Give again, word for word, each line below starting at the one that contains "Slaap shorts cadeau" and ending at the one that contains "Firehouse Rescue NES. Nintendo fire".

Supplied records START

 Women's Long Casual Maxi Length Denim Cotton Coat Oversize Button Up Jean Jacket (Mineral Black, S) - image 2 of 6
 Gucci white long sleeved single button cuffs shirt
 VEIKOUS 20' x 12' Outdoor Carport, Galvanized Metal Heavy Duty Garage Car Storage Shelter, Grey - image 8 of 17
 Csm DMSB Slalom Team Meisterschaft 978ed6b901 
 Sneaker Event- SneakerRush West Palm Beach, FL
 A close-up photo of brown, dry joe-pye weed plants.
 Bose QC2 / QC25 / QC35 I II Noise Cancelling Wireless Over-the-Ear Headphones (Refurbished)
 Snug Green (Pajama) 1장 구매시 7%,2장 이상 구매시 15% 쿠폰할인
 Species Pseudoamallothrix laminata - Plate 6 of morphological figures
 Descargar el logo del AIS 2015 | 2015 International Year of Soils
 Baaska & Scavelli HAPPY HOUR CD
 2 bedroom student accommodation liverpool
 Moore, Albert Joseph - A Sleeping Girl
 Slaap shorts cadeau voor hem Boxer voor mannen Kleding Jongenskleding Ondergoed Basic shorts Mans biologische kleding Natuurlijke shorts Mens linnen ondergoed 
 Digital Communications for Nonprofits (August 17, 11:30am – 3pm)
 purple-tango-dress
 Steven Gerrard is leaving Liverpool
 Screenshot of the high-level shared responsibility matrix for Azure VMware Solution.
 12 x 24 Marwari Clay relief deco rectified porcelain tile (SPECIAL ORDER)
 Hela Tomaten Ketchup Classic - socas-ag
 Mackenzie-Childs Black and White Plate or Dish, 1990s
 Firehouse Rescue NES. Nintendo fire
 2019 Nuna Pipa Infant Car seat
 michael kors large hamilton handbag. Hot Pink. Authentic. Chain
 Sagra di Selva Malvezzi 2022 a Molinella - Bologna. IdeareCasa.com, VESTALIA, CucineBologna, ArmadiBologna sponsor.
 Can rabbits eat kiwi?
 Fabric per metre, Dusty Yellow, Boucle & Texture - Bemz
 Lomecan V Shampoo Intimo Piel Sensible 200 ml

Supplied records END

● Result for this exercise
 Slaap shorts cadeau voor hem Boxer voor mannen Kleding Jongenskleding Ondergoed Basic shorts Mans biologische kleding Natuurlijke shorts Mens linnen ondergoed 
 Digital Communications for Nonprofits (August 17, 11:30am – 3pm)
 purple-tango-dress
 Steven Gerrard is leaving Liverpool
 Screenshot of the high-level shared responsibility matrix for Azure VMware Solution.
 12 x 24 Marwari Clay relief deco rectified porcelain tile (SPECIAL ORDER)
 Hela Tomaten Ketchup Classic - socas-ag
 Mackenzie-Childs Black and White Plate or Dish, 1990s
 Firehouse Rescue NES. Nintendo fire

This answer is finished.